Extracted information:
--*--
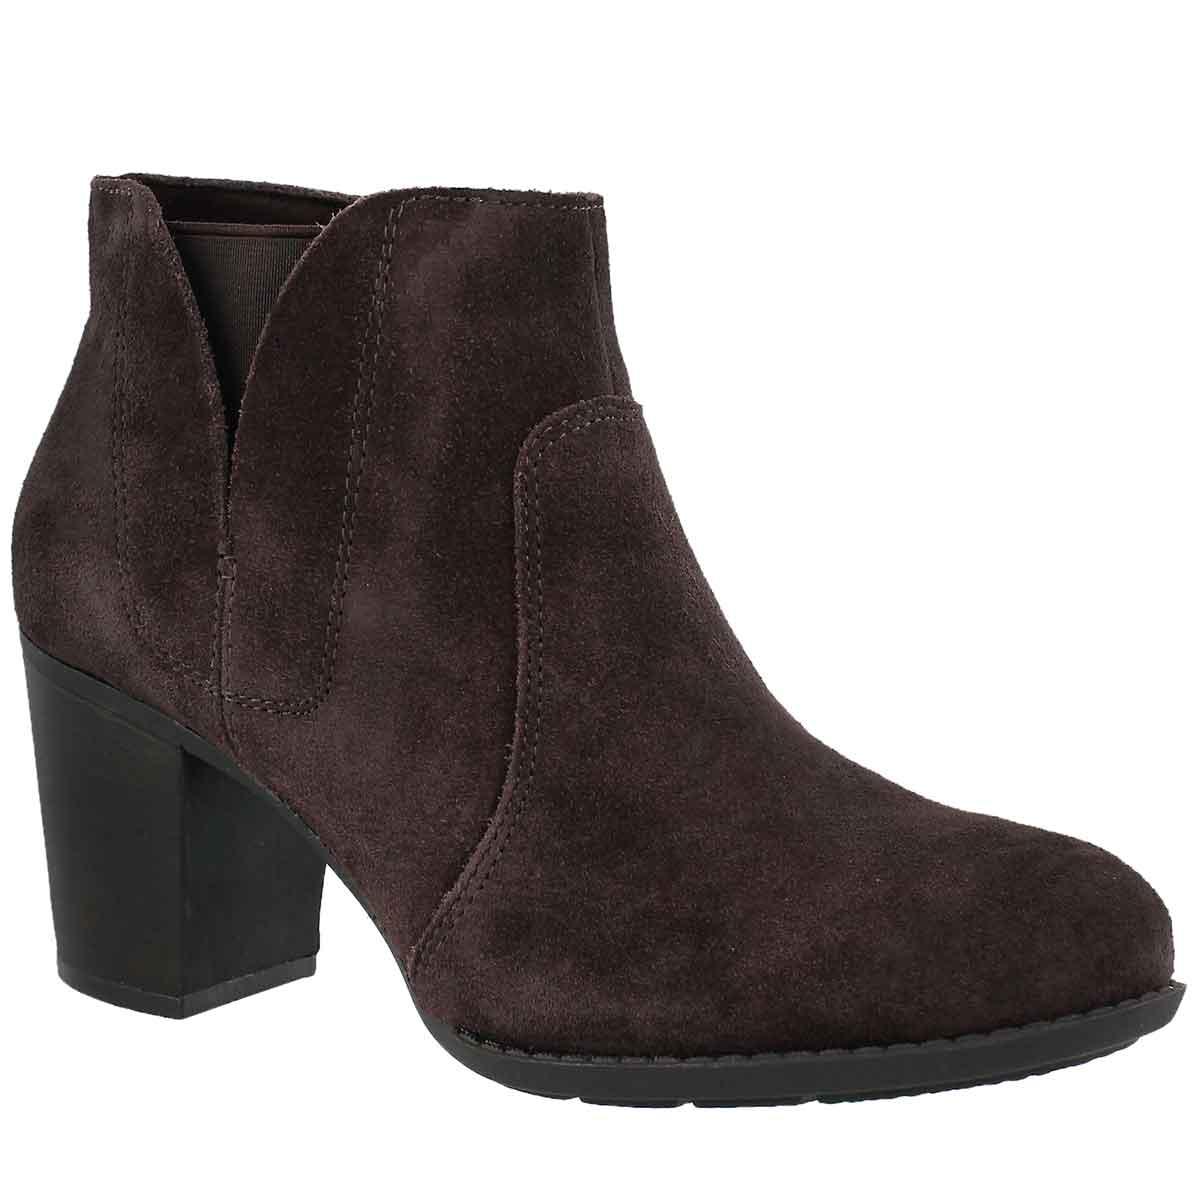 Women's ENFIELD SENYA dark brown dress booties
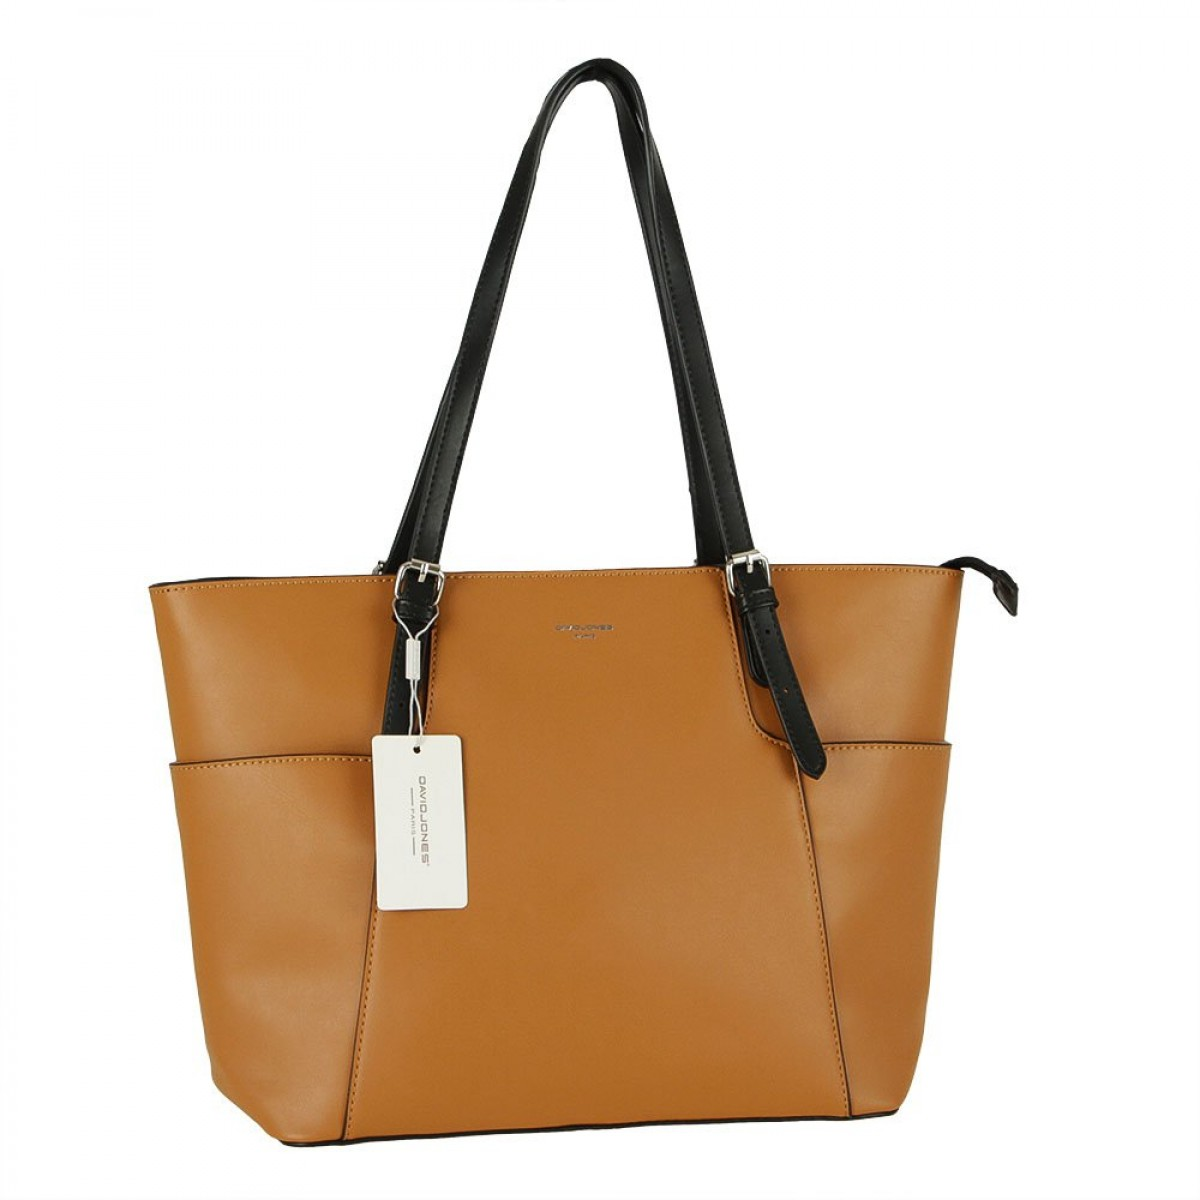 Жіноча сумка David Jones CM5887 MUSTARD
--*--
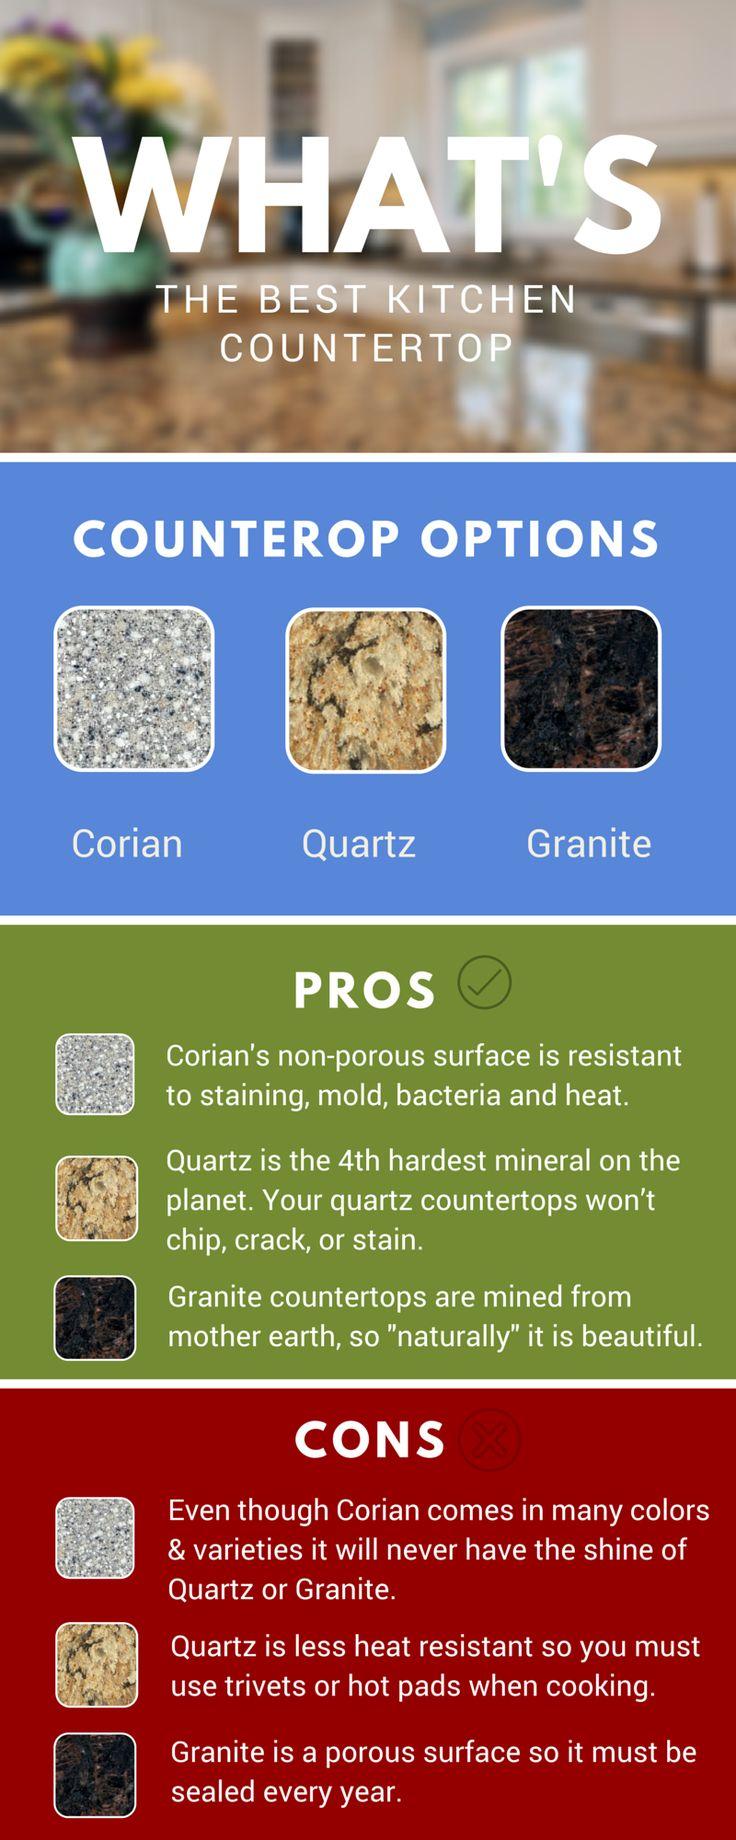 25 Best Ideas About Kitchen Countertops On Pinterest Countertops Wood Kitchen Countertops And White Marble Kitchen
--*--
Task item:
Give again, exactly as written above, each line from the one that has "Women's ENFIELD SENYA" to the one that has "Жіноча сумка David Jones CM5887 MUSTARD", both included; omit the pictures.

Response to the exercise:
 Women's ENFIELD SENYA dark brown dress booties
 Жіноча сумка David Jones CM5887 MUSTARD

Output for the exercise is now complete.